→ **What is needed**: Among the lines below, the one containing "Púzdrové šaty - Obrázok č. 52" opens the range and the one containing "Stupenda IRREGULAR CHOICE" closes it. Print that range exactly, without the pictures.

→ **Information given**:
.....
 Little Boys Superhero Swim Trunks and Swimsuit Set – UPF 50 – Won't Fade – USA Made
.....
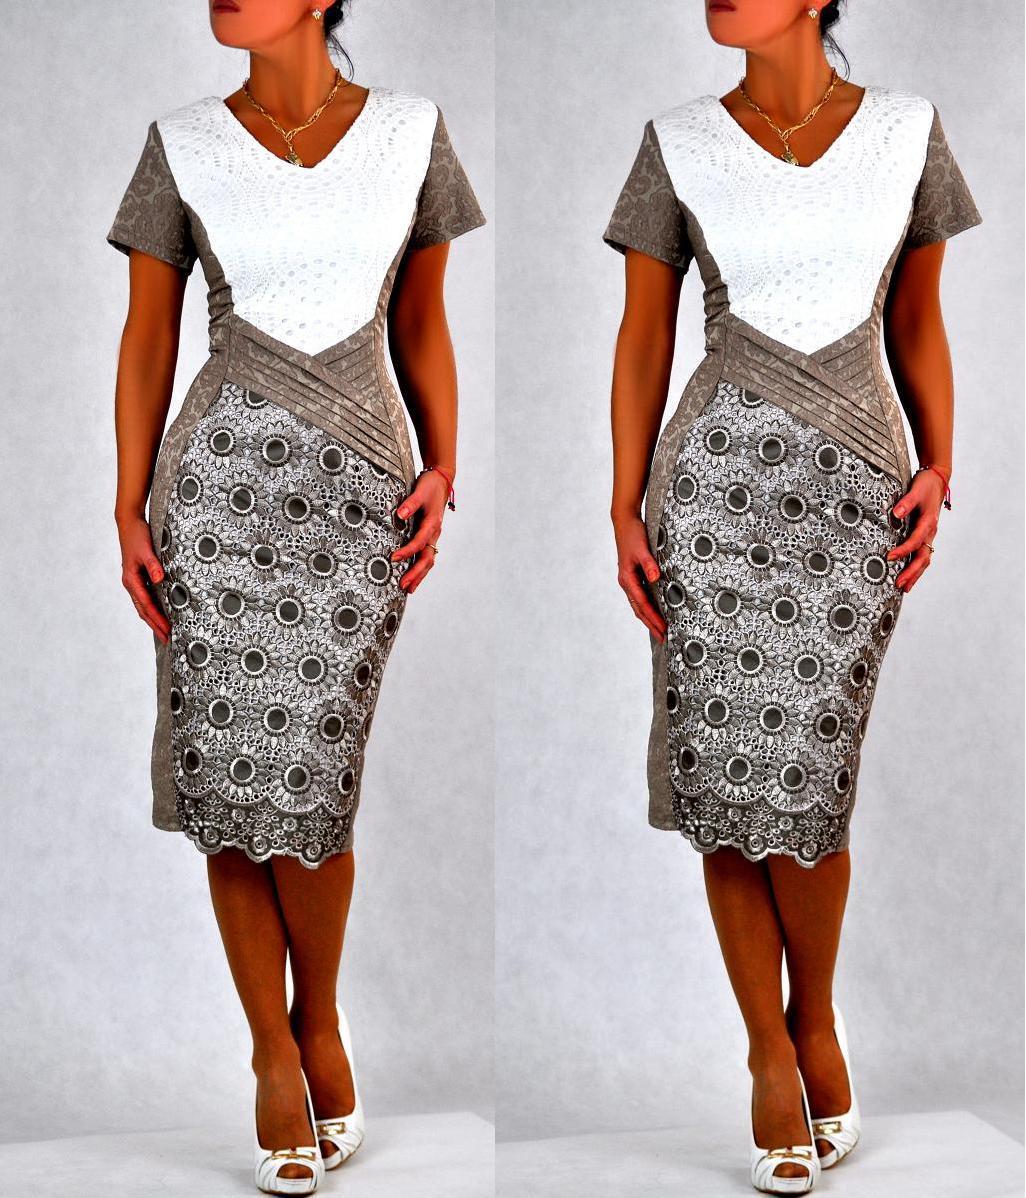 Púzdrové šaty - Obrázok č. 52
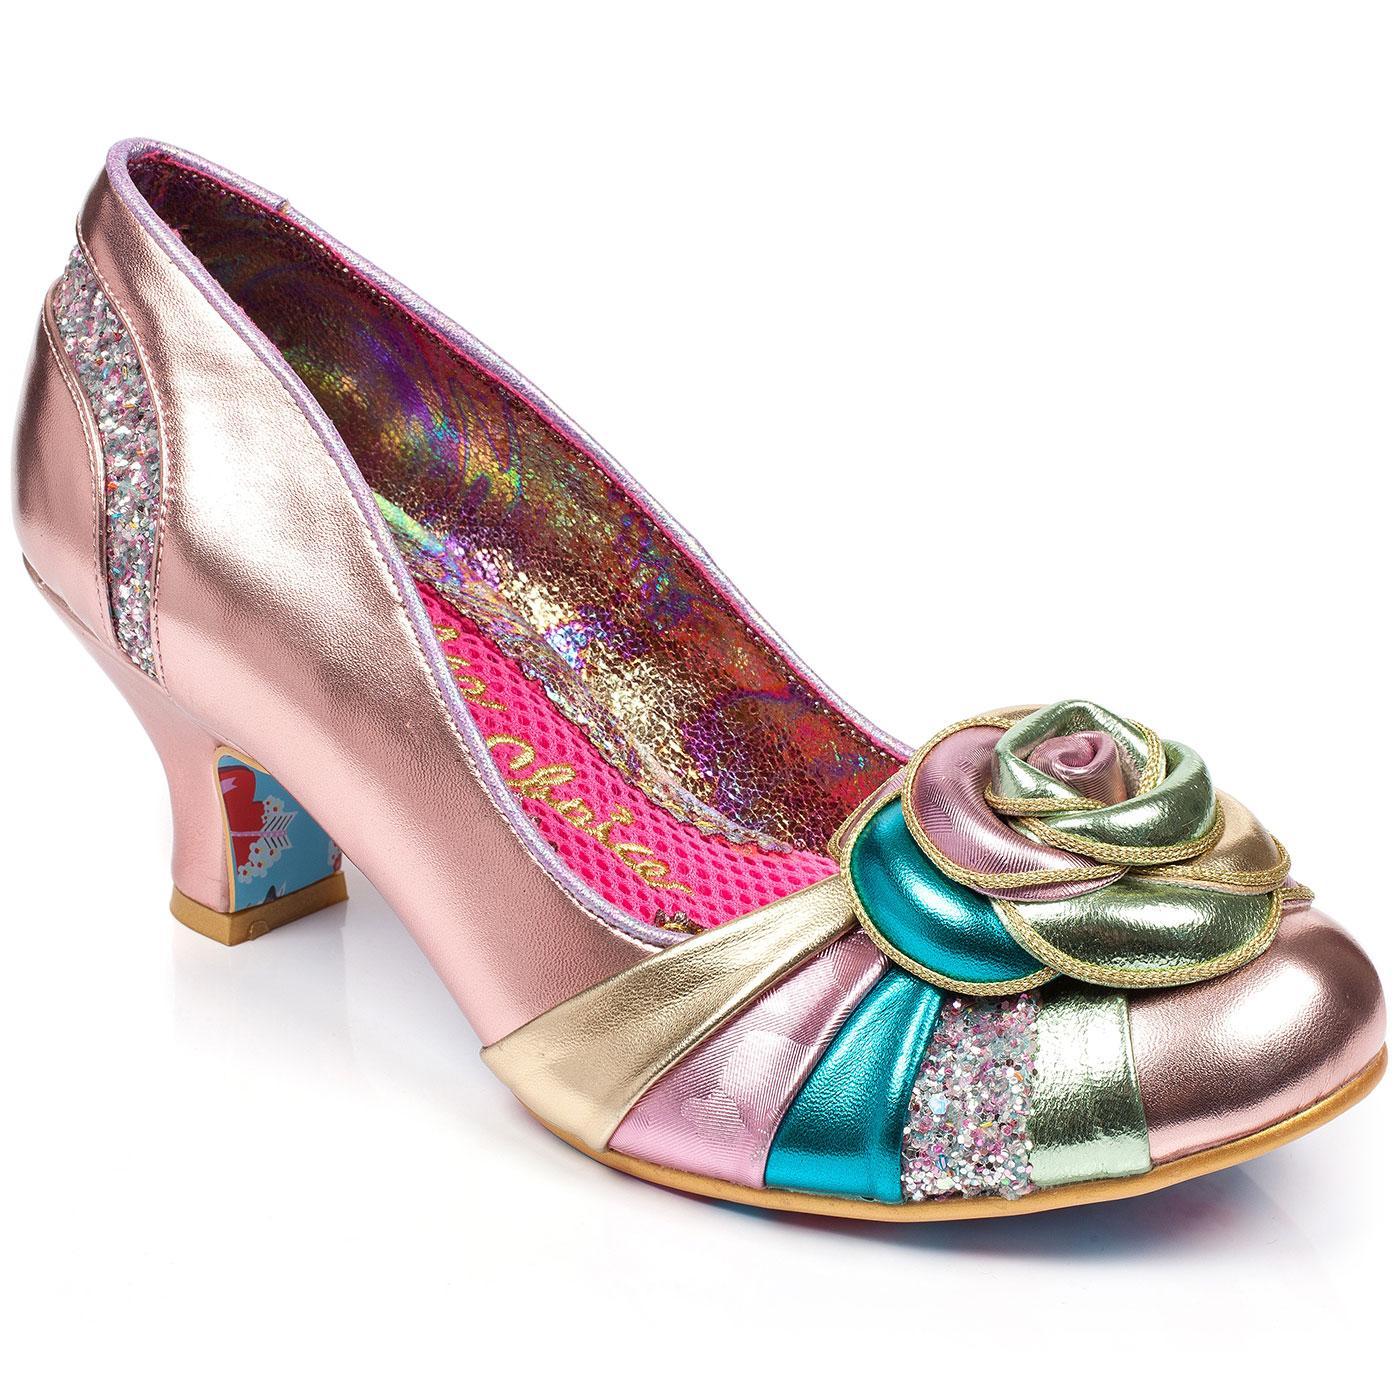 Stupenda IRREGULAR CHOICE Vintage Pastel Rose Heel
.....
→ **Answer for this exercise**:
 Púzdrové šaty - Obrázok č. 52
 Stupenda IRREGULAR CHOICE Vintage Pastel Rose Heel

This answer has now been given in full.